One clone, termed Huh7D, was more permissive for HCV replication and more efficient for HCV-neomycin and HCV-hygromycin based replicon colony formation than parental Huh7 cells. Nucleotide sequence analysis of the RIG-I mRNA coding region from Huh7D cells showed no mutations relative to Huh7 parental cells.
We derived a new Huh7 cell line, Huh7D, which is more permissive for HCV replication than parental Huh7 cells. The higher permissiveness of Huh7D cells is not due to mutations in the RIG-I protein, indicating that cellular determinants other than the RIG-I amino-acid sequence are responsible for controlling HCV replication. In addition, we have selected Huh7 cells resistant to hygromycin via newly generated HCV-replicons carrying the hygromycin resistant gene. Further studies on Huh7D cells will allow the identification of cellular factors that increased the susceptibility to HCV infection, which could be targeted for anti-HCV therapies.
Hepatitis C virus (HCV) infects nearly 200 million people worldwide . HCV infection causes chronic liver disease, cirrhosis, and is associated with hepatocellular carcinoma . It is estimated that only 15-40% of infected people resolve acute HCV infection , suggesting that host factors are capable of controlling HCV replication in some individuals. However, the host determinants responsible for controlling HCV replication are not well understood. The ability to grow HCV in vitro is important for understanding both virologic and immunologic aspects of HCV infections. It has been shown that the JFH1 and the chimeric J6/JFH1 isolate of the 2a genotype of HCV replicate efficiently in Huh7 cells [4,5] and in the highly permissive Huh7.5 and Huh7.5.1 cells derived from the human hepatoma cell line Huh7 [6-9]. Later, production of infectious genotype 1a and 1b viruses  was demonstrated in Huh7.5 cells. Further studies showed that the increased permissiveness of Huh7.5 cells results from a mutation (Thr-55-Iso) in the RIG-I gene (retinoic acid-inducible gene I, a DExD/H domain containing RNA helicase, reviewed in ) which impairs interferon signaling . In this study, using a technique similar to that used to generate the Huh7.5 cell line, we derived another Huh7 cell line highly permissive for HCV replication that we termed Huh7D. We compared the replication of the genotype 2a J6/JFH1 strain of HCV and the genotype 1b based HCV replicons in Huh7D cells with replication in Huh7 and Huh7.5 cells. We found that while HCV replicated better in Huh7D cells relative to Huh7 cells, no mutations were found in the RIG-I coding region from Huh7D cells, indicating that cellular determinants located outside the RIG-I amino-acid coding sequence are responsible for the higher permissiveness of Huh7D cells for HCV replication.

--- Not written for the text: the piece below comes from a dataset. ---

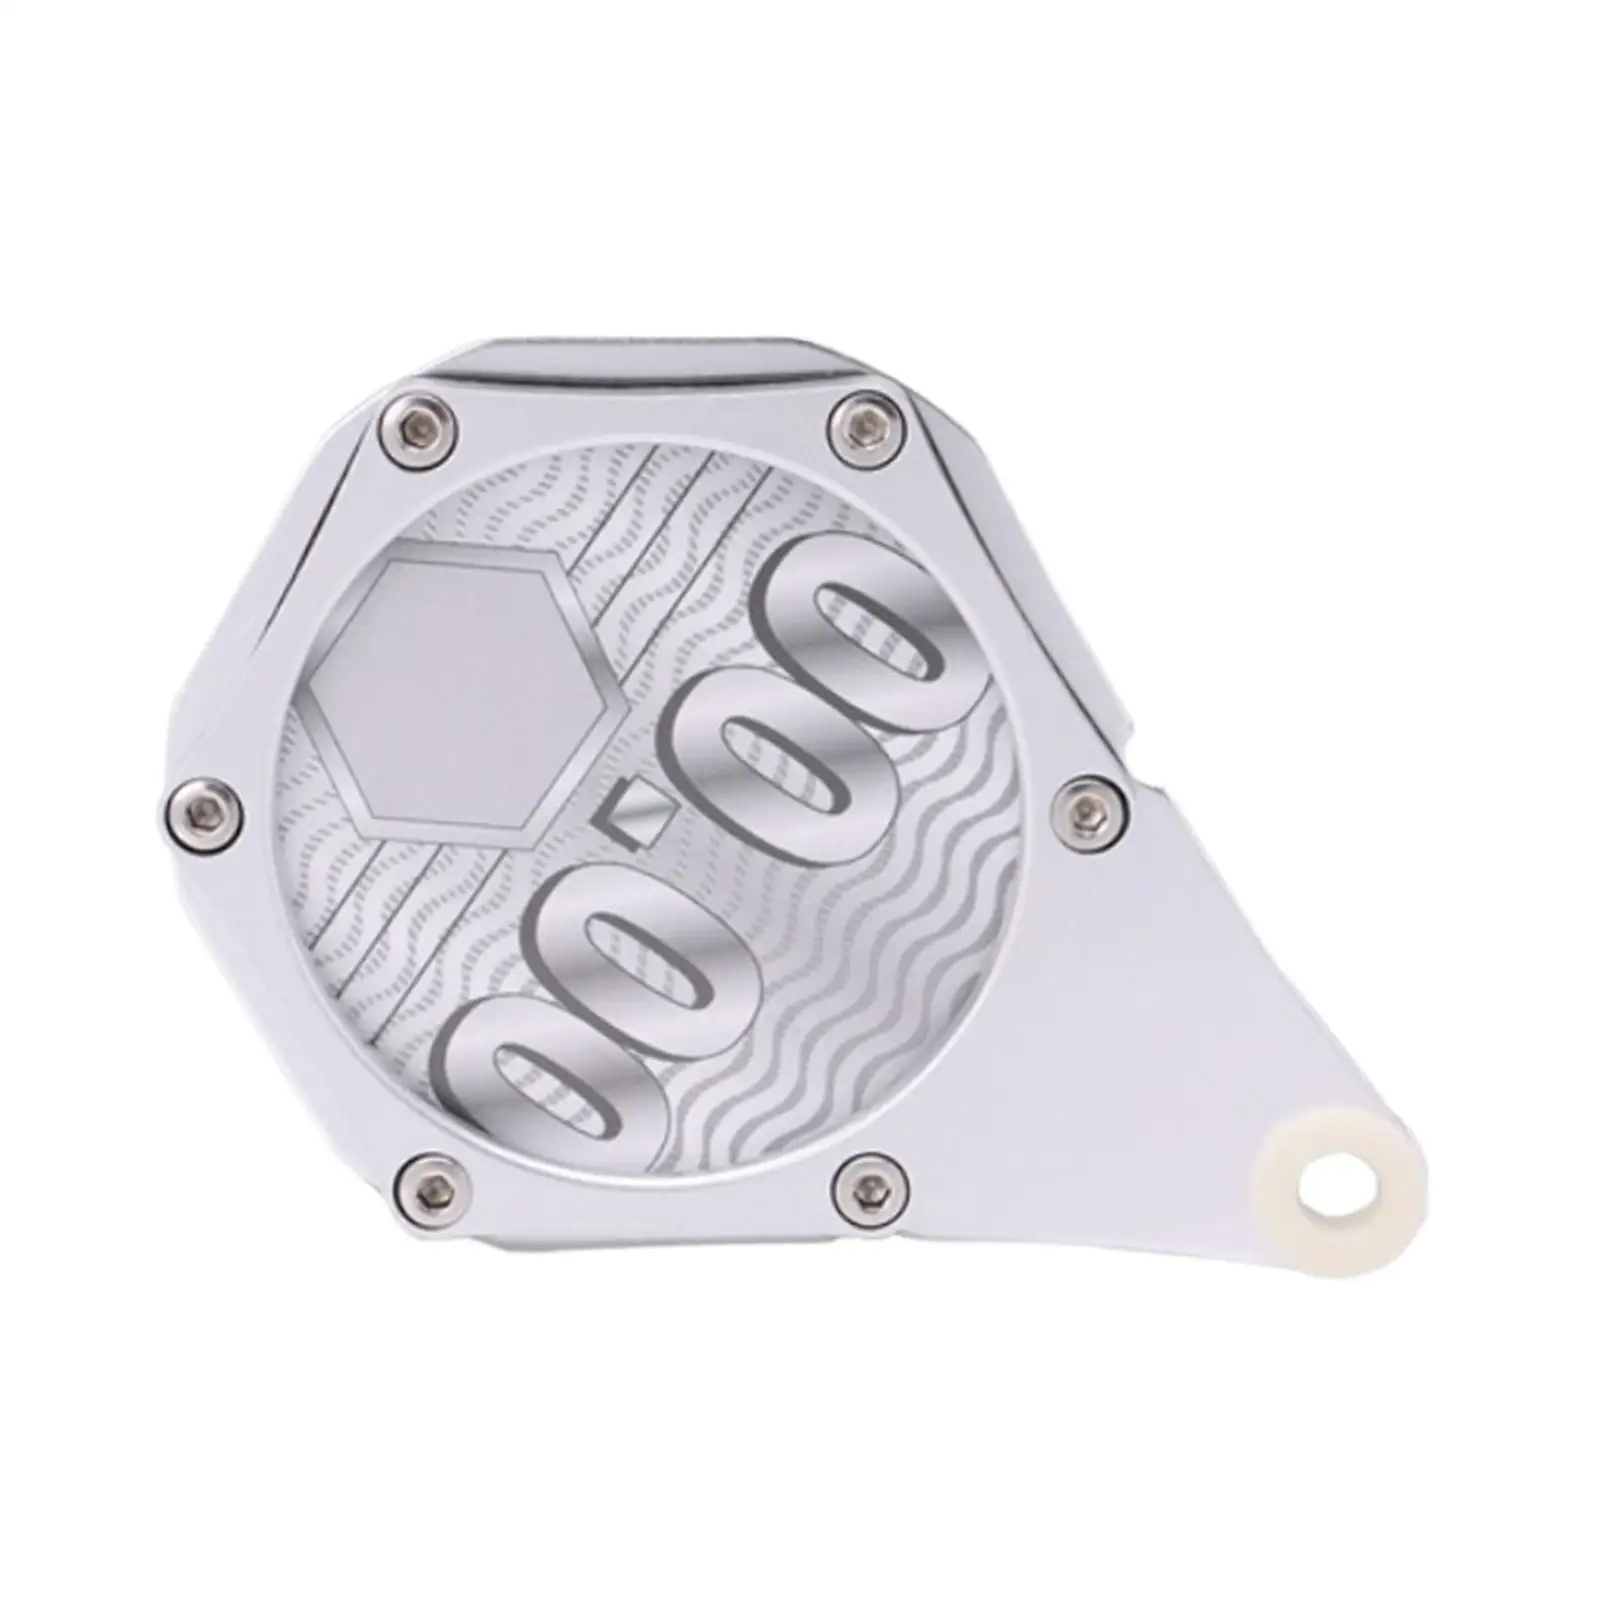 Hexagon Tax Disc Plate Tax Disc Holder for Bike Motor Easy to Mount

To compare the susceptibility of cells to HCV replicons, Huh7, Huh7D, and Huh7.5 cells were transfected with HCV-neo-Replicon and selected with 250 μg/ml of G-418. An increased number of neomycin-resistant colonies were observed in Huh7D cells (and control Huh7.5 cells) relative to Huh7 cells (figure (figure1),1), irrespective of the amount of transfected RNA. No surviving colonies were observed in replication-defective HCV-neo-Replicon, unrelated RNA (transcribed from pTRI-Xef plasmid from AMBION kit), or no RNA transfected cells (figure (figure11 and additional file 1). In order to quantify the efficiency of colony formation (ECF), we repeated the experiment using lower amounts of replicon, and obtained ECF of 526, 10,500, and 2631 colonies per μg of transfected RNA for Huh7, Huh7D, and Huh7.5 cells respectively (additional file 1). Wild type HCV-neo replicons obtained by in vitro transcription of Sca1 cut plasmid pFK i389neoNS3-3'/WT and other less adapted replicons (Feigelstock et al, unpublished) also yielded more colonies in Huh7D cells relative to Huh7 cells. These results show Huh7D cells have an increased capacity to survive G-418 via HCV-neo-Replicon than parental Huh7 cells, suggesting that the HCV replicon replicates better in Huh7D cells relative to Huh7 cells.

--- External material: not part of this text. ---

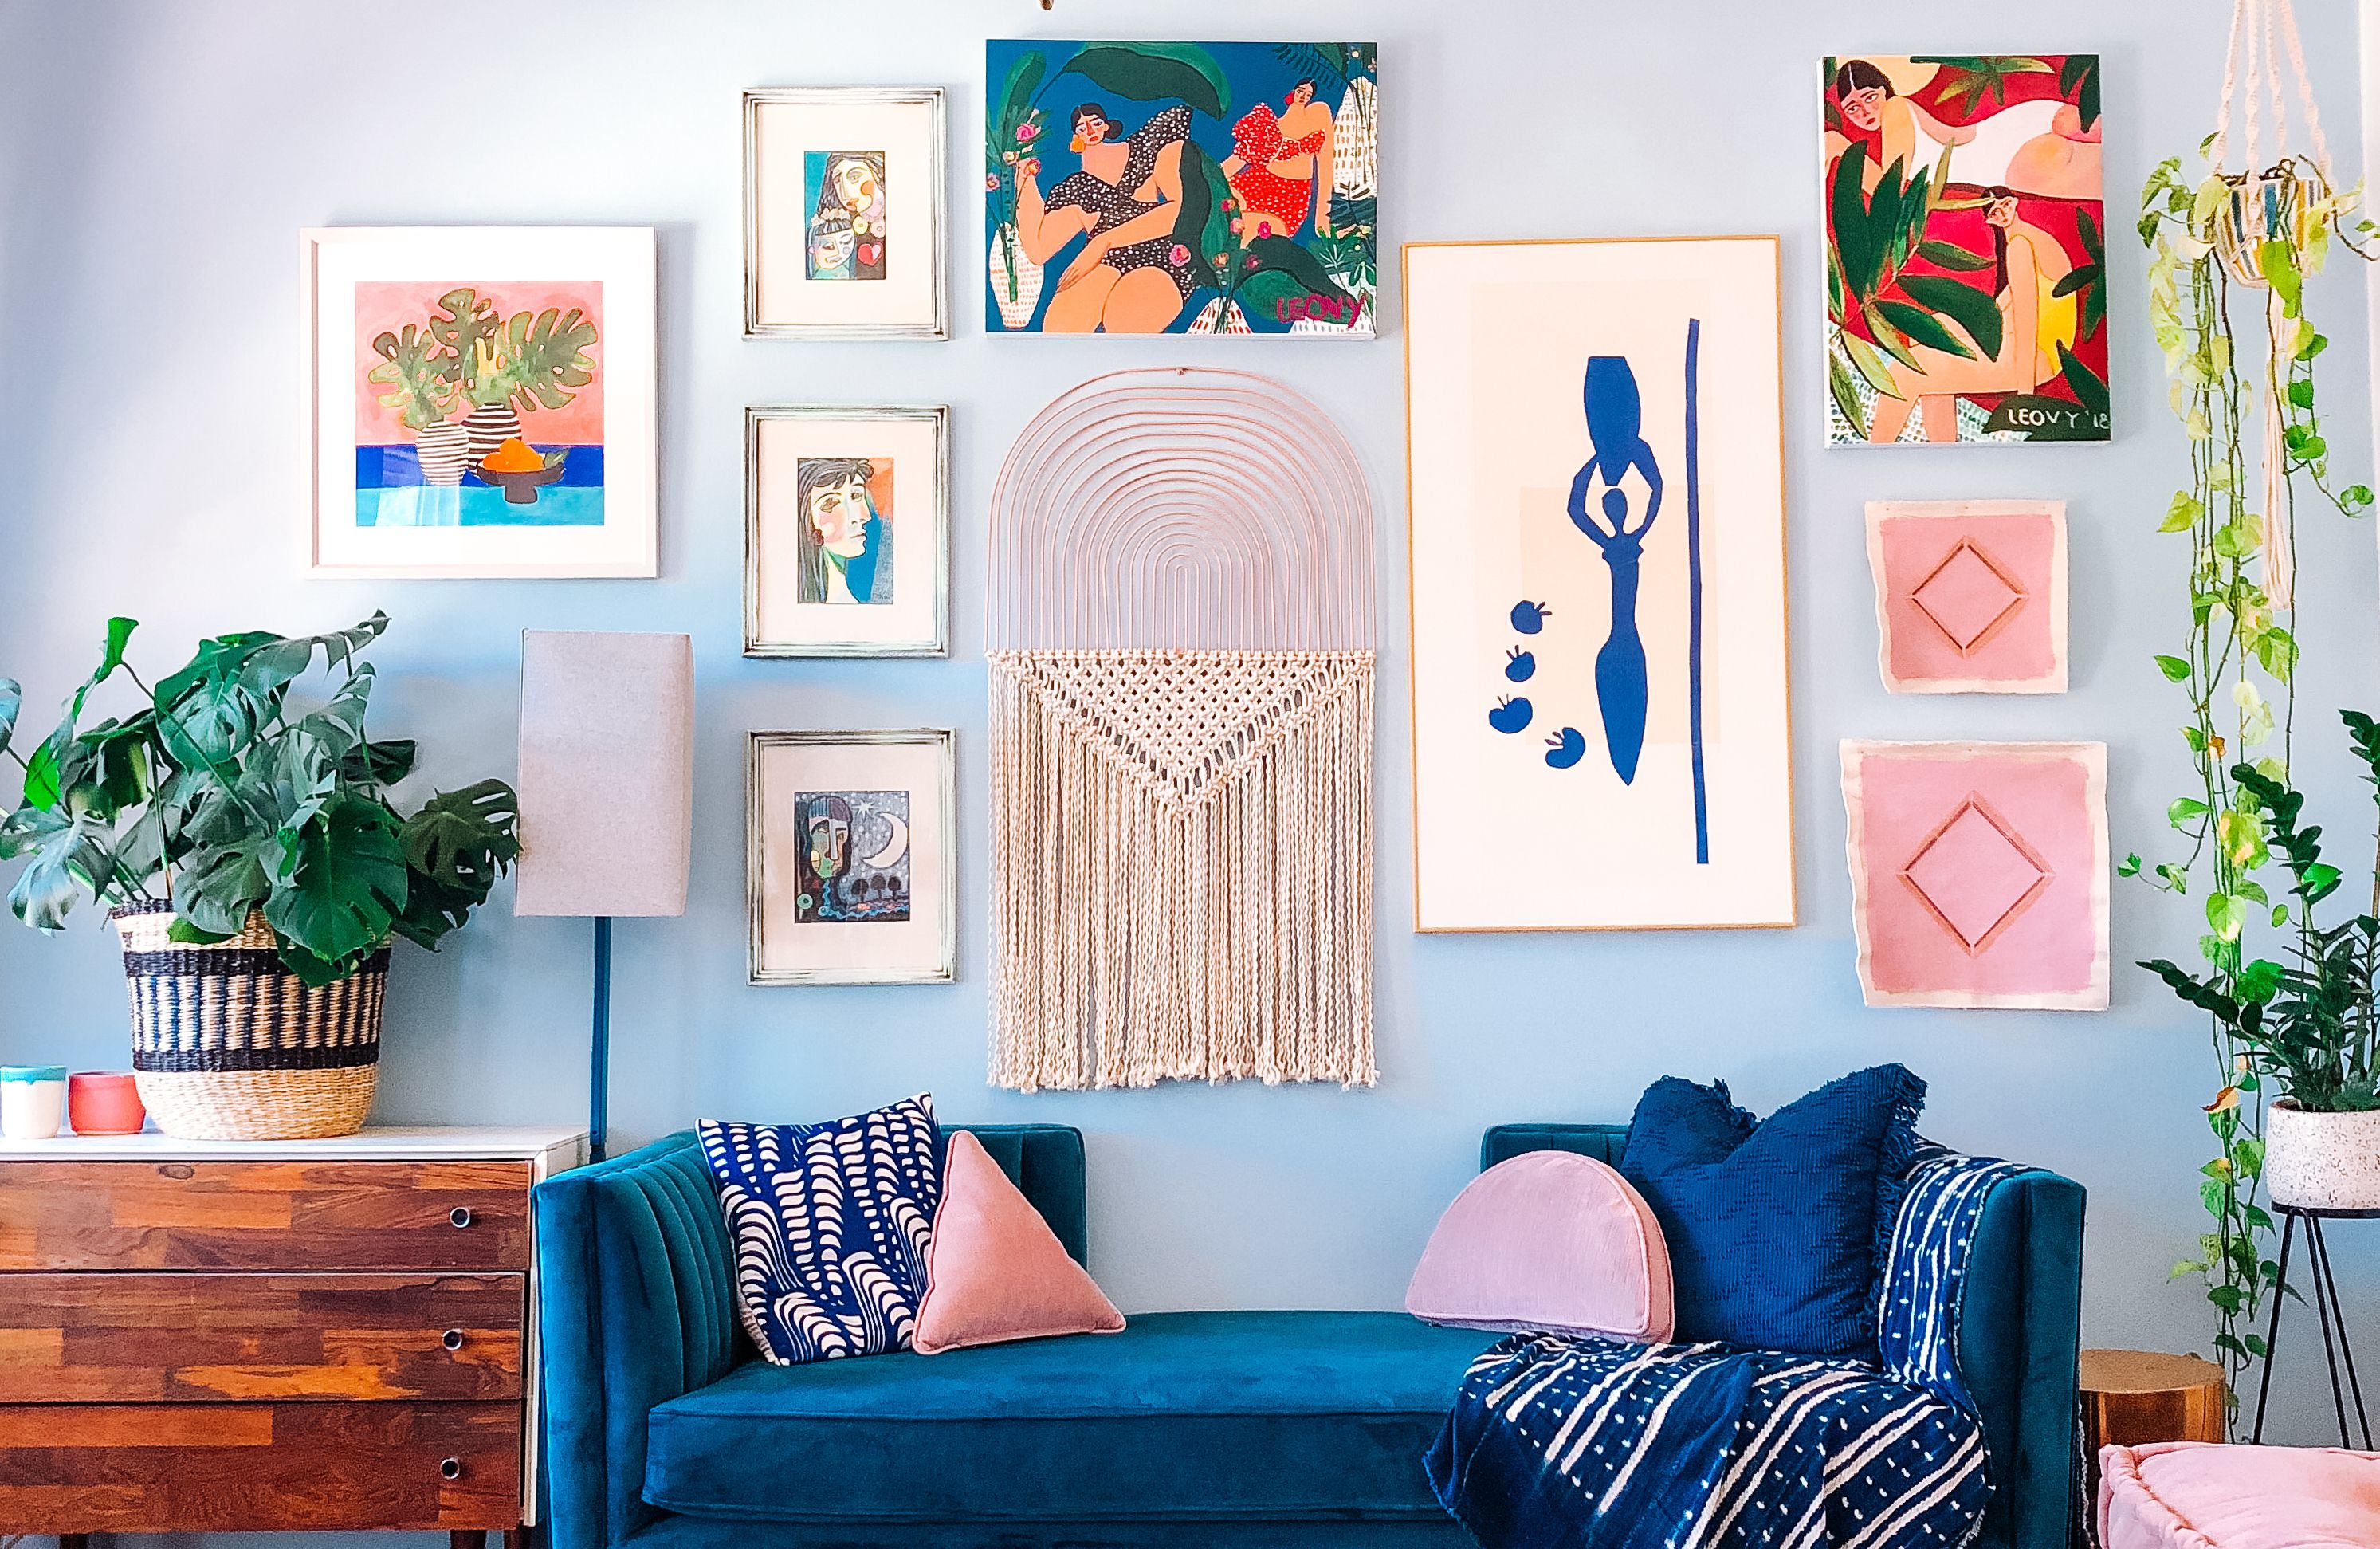 The Maximalist Gallery Trend Is Totally Doable

To determine whether the selectable marker contained in the HCV-replicon had an effect in the susceptibility of the Huh7 cell clones, we transfected Huh7, Huh7D, and Huh7.5 cells with approximately 100 ng of the indicated HCV-hyg-Replicons and selected cells with 65 μg/ml hygromycin B. At 40 days post-transfection, more hygromycin B resistant colonies were observed in Huh7D and Huh7.5 cells than in Huh7 cells whereas mock-transfected cells did not survive the antibiotic selection (figure (figure2a).2a). As shown in figure figure2a,2a, we were able to select Huh7 colonies resistant to hygromycin B; however, those initially resistant colonies didn't survive longer (more than 60 days) treatment with hygromycin B. Replication of HCV-hyg-Replicon in Huh7D and Huh7.5 cells was confirmed by immunfluorscence analysis (figure (figure2b).2b). Transfection with HCV-hyg-Replicons yielded a low number of surviving colonies and, given the extended time required for hygromycin to kill Huh7 cells, we needed to make a cell passage resulting in the loss of our ability to accurately quantify the differences in transduction efficiencies. These data indicate that the selectable marker has no effect in the higher susceptibility of the Huh7 clones to HCV replicons.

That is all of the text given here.